Return the number of items currently in memory.

index(value: Dict[str, Any], start: int = 0, stop: int | None = None) int[source]

Return index of first occurrence of value.

insert(index: int, value: Dict[str, Any]) None[source]

Insert an item at a specific position.

property is_empty: bool

Return True if the list is empty.

map(func: Callable[[Dict[str, Any]], Dict[str, Any]], max_workers: int | None = None) None[source]

Processes records in chunks using the provided function with multiple threads.

Parameters:
  • func (callable) – Function to apply to each record in the chunk.

  • max_workers (int, optional) – The maximum number of threads to use. Defaults to None, which means the number of threads will be determined by the system.

Returns:

None (Modifies the records in-place)

pop(index: int = -1) Dict[str, Any][source]

Remove and return item at index (default last).

remove(value: Dict[str, Any]) None[source]

Remove first occurrence of value.

reverse() None[source]

Reverse the list in place.

Warning: This operation loads all data into memory and may be slow for large lists.

serialize(max_workers: int | None = None) None[source]

Serializes the list of dictionaries by converting certain types to JSON strings and updates the underlying files using multiple threads.

sort(*, key: Callable[[Dict[str, Any]], Any] | None = None, reverse: bool = False) None[source]

Sort the list in place.

Warning: This operation loads all data into memory and may be slow for large lists.
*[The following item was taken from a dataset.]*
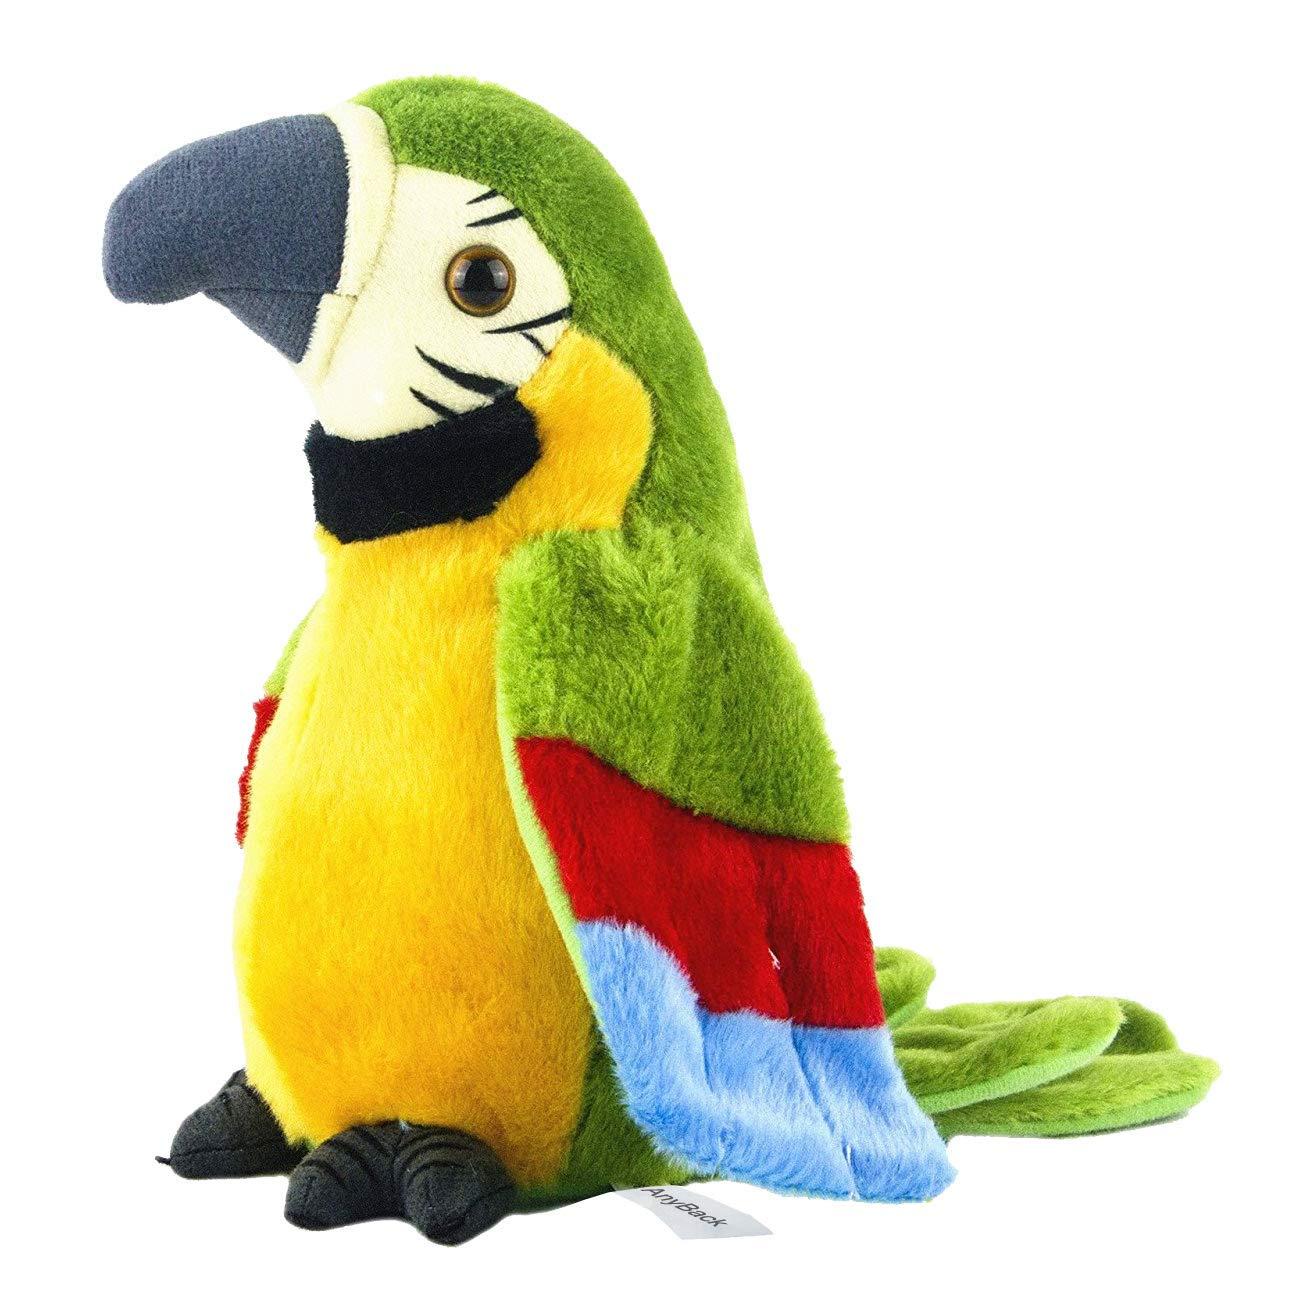 AnyBack Talking Parrot 5179cc5726

Note: A key function is required when sorting dictionaries.

property total_chunks: int

Return the total number of chunks.

Main Module

Command-line interface and demonstration utilities for paged-list.

This module provides entry points for running demonstrations and examples of the professional disk-backed list implementation.

paged_list.main.demo() None[source]

Run a demonstration of the PagedList functionality.

paged_list.main.main() None[source]

Main entry point for the package.